● **WHAT THE TASK ASKS**
Omitting all images, transcribe the listing word for word.

● **EXERCISE INPUTS**
____________________

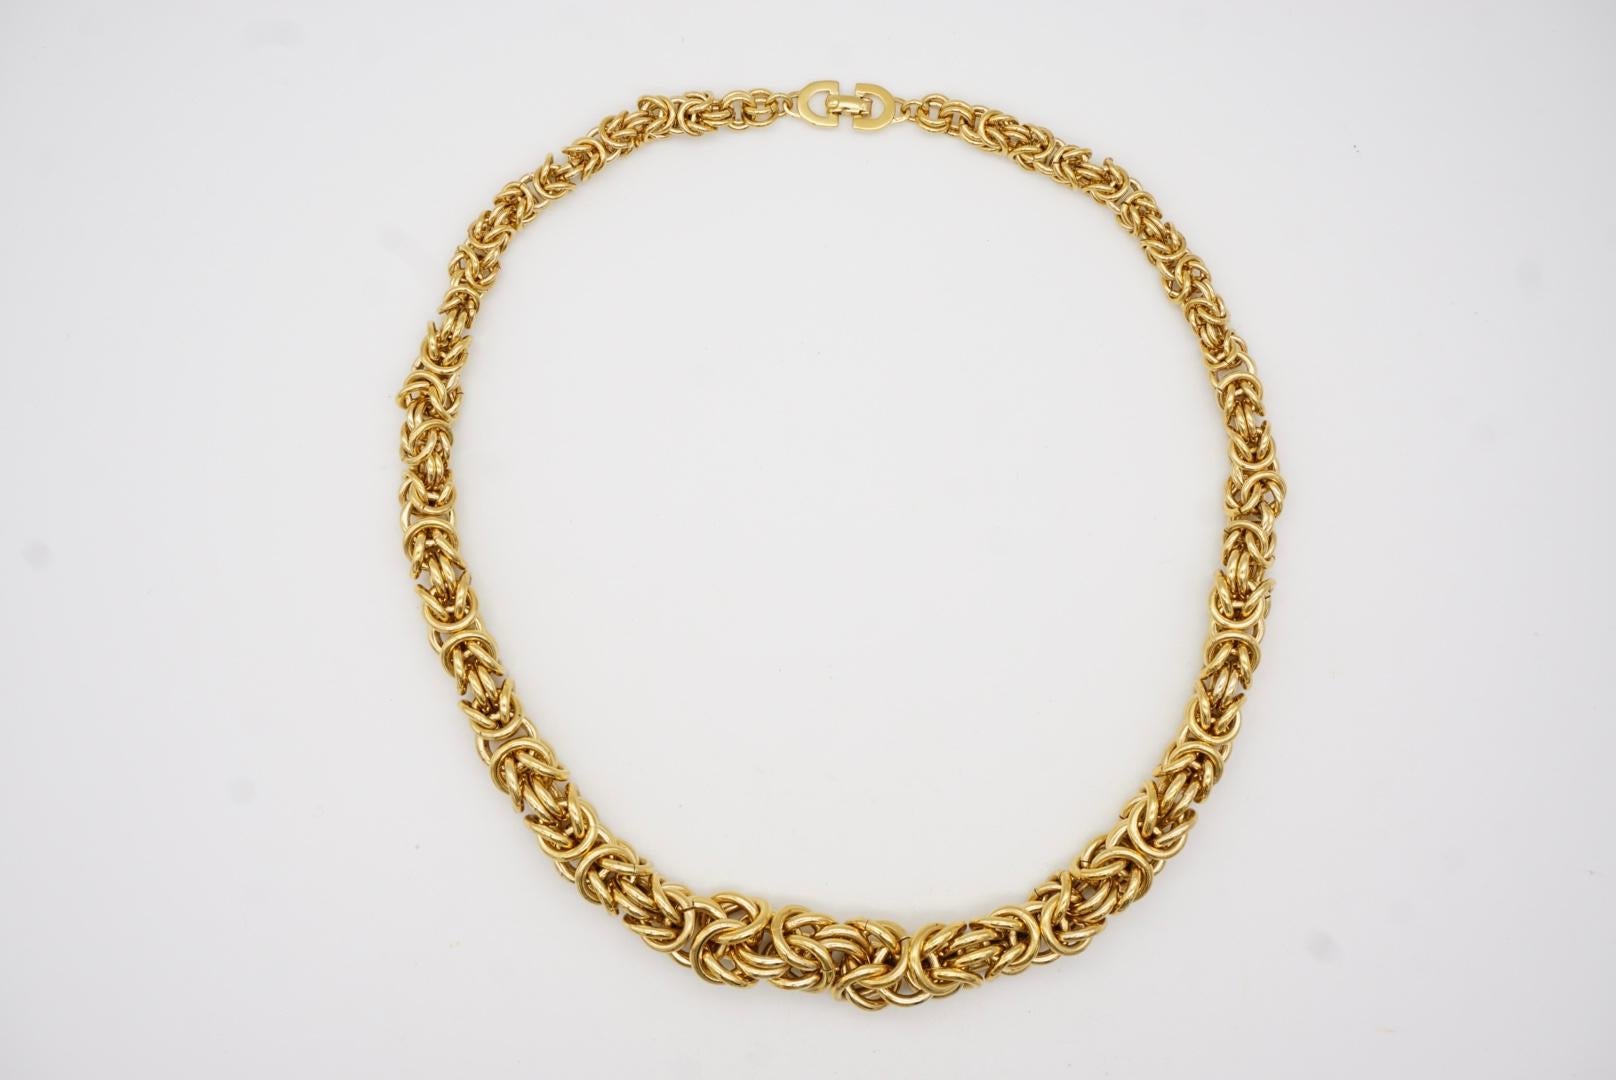 Christian Dior Vintage 1980s Byzantine Braid Royal Mesh Knot Link Rope Necklace For Sale 5
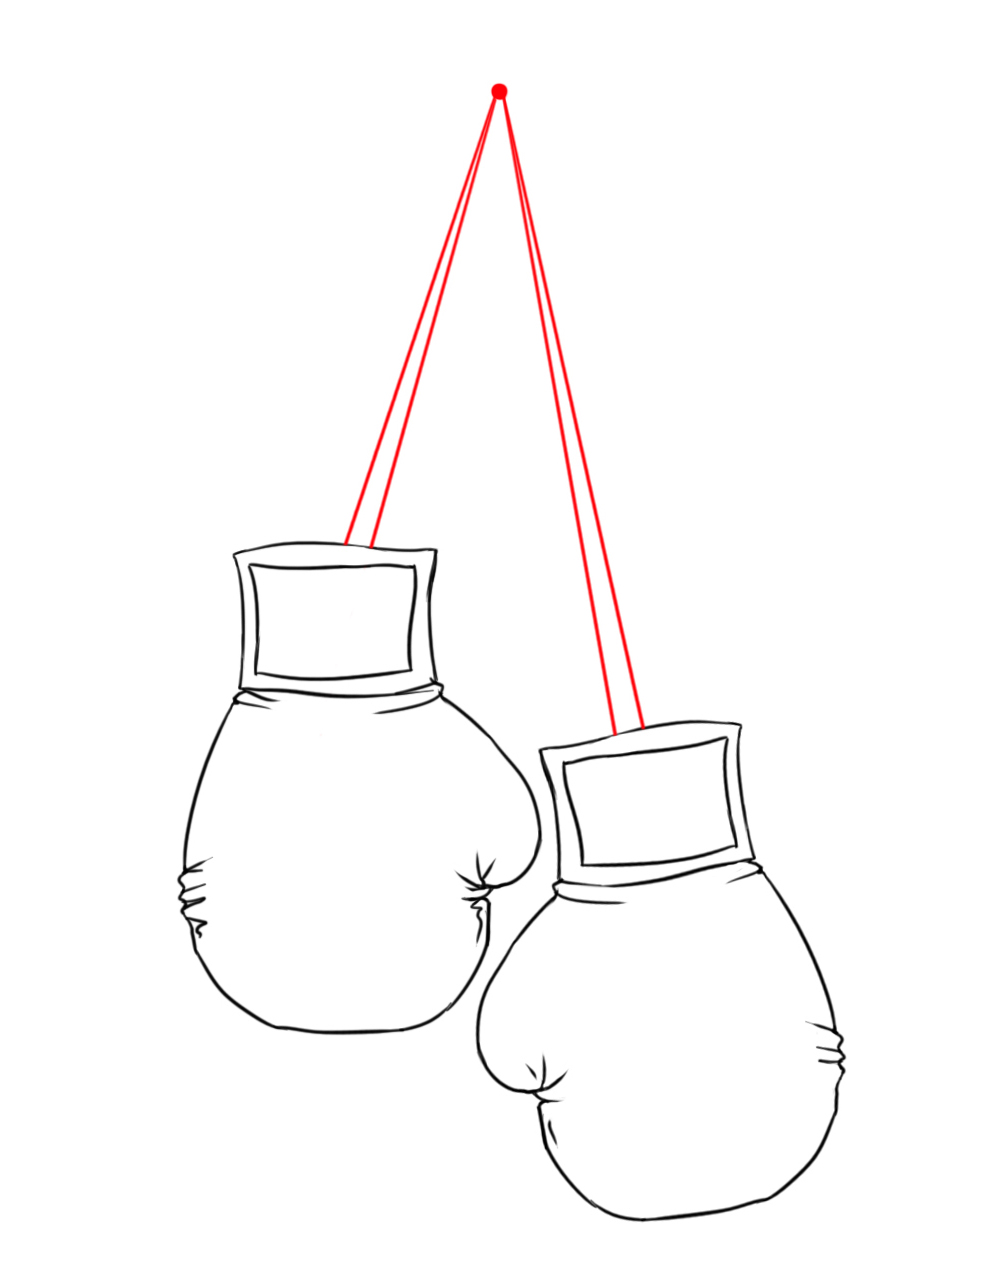 How to Draw Boxing Gloves?
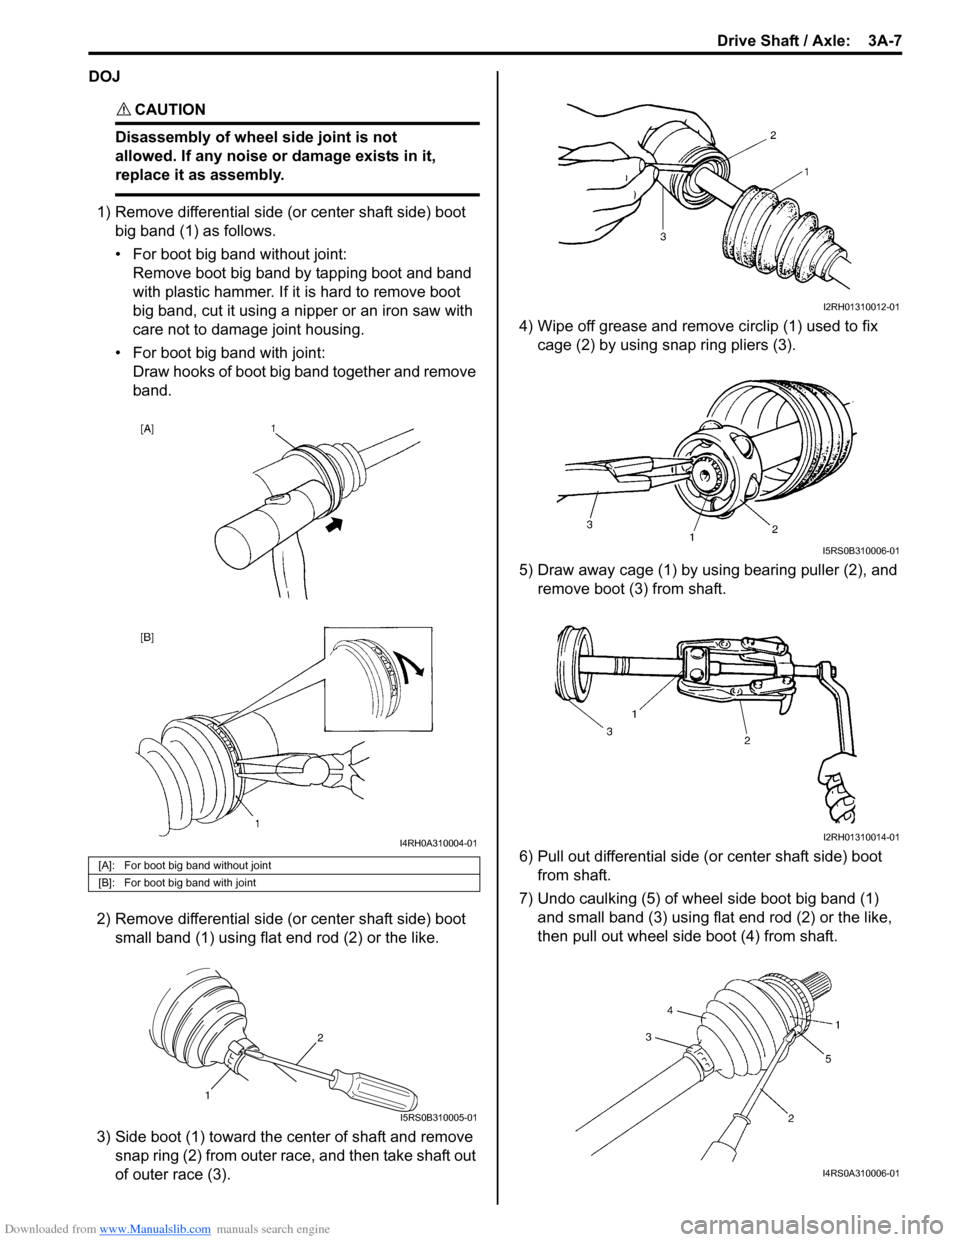 SUZUKI SWIFT 2005 2.G Service Workshop Manual Downloaded from www.Manualslib.com manuals search engine Drive Shaft / Axle:  3A-7
DOJ
CAUTION! 
Disassembly of wheel side joint is not 
allowed. If any noise or damage exists in it, 
replace it as as

____________________

● **ANSWER TO THE EXERCISE**
 Christian Dior Vintage 1980s Byzantine Braid Royal Mesh Knot Link Rope Necklace For Sale 5
 How to Draw Boxing Gloves?
 SUZUKI SWIFT 2005 2.G Service Workshop Manual Downloaded from www.Manualslib.com manuals search engine Drive Shaft / Axle:  3A-7
DOJ
CAUTION! 
Disassembly of wheel side joint is not 
allowed. If any noise or damage exists in it, 
replace it as as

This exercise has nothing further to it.